At last month's Europol-Interpol Cyber-crime Conference in The Hague, Netherlands, a coordinated law enforcement approach to addressing the threat from the Dark Web, was called for by Europol and Interpol in their joint closing statement.
The two organisations agreed that approaches to tackling the threat of cyber-crime should be identified in a more pro-active and efficient manner, and coordinated prevention and awareness initiatives should continue in order to increase baseline cyber-security and nurture the skills and expertise needed to ensure a safer cyber-space.
Silvino Schlickmann Junior, cyber-crime director at Interpol, said: "The current state of cyber-crime, reaching all the corners of the world and threatening to undermine the benefits brought by the new technologies, requires a global response. Interpol .... [provides] a global platform including not only communication tools but a wide range of services, from capacity building programmes, to cyber-threat intelligence support. The cooperation with Europol is one of our highest priorities to combat cyber-crime in the most effective way."
It was noted how the resurgence of ransomware has made it a leading threat for both public and private sector organisations, hence methods of tackling this pernicious attack vector were a focus of the event. It was reported that since its launch in July 2016 NoMoreRansom has had more than 1.4 million people visit its website which is now available in 28 languages and includes 52 free decryption tools www.nomoreransom.org which can be used to decrypt 84 ransomware families.

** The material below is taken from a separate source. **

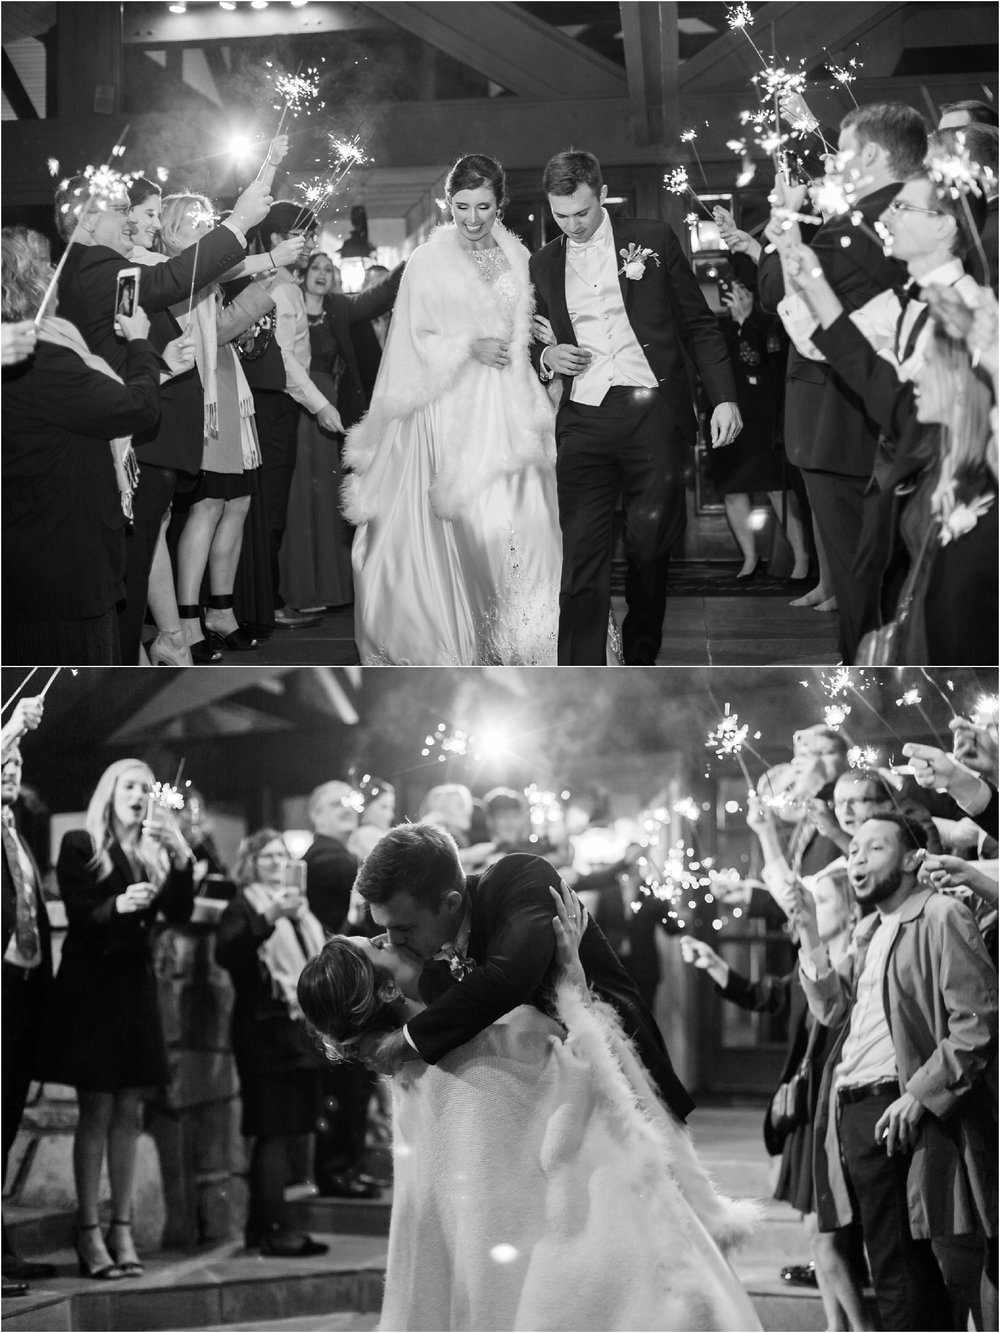 Savannah Eve Photography- Bottiglion-Scope Wedding- Sneak Peek-122.jpg

There are now 119 partners working on No More Ransom with recent additions including the German BKA, Polish and Slovakian Police. New private sector partners include Security Advisor S.A., Equipo Antiransom, ML IT Security Pte Ltd, Temasoft, CERT-PY and Australian Cybercrime Online Reporting Network (ACORN), bringing the total to 81 non-law enforcement partners.
Steven Wilson, head of Europol's EC3 noted how this year's event, with, more than 420 delegates, had the highest participation ever, both in terms of attendees and speakers.
A main theme was, “Actively united for a safer cyber space" emphasising the importance of law enforcement, private sector, academia, government and NGOs working together to fight cyber-crime.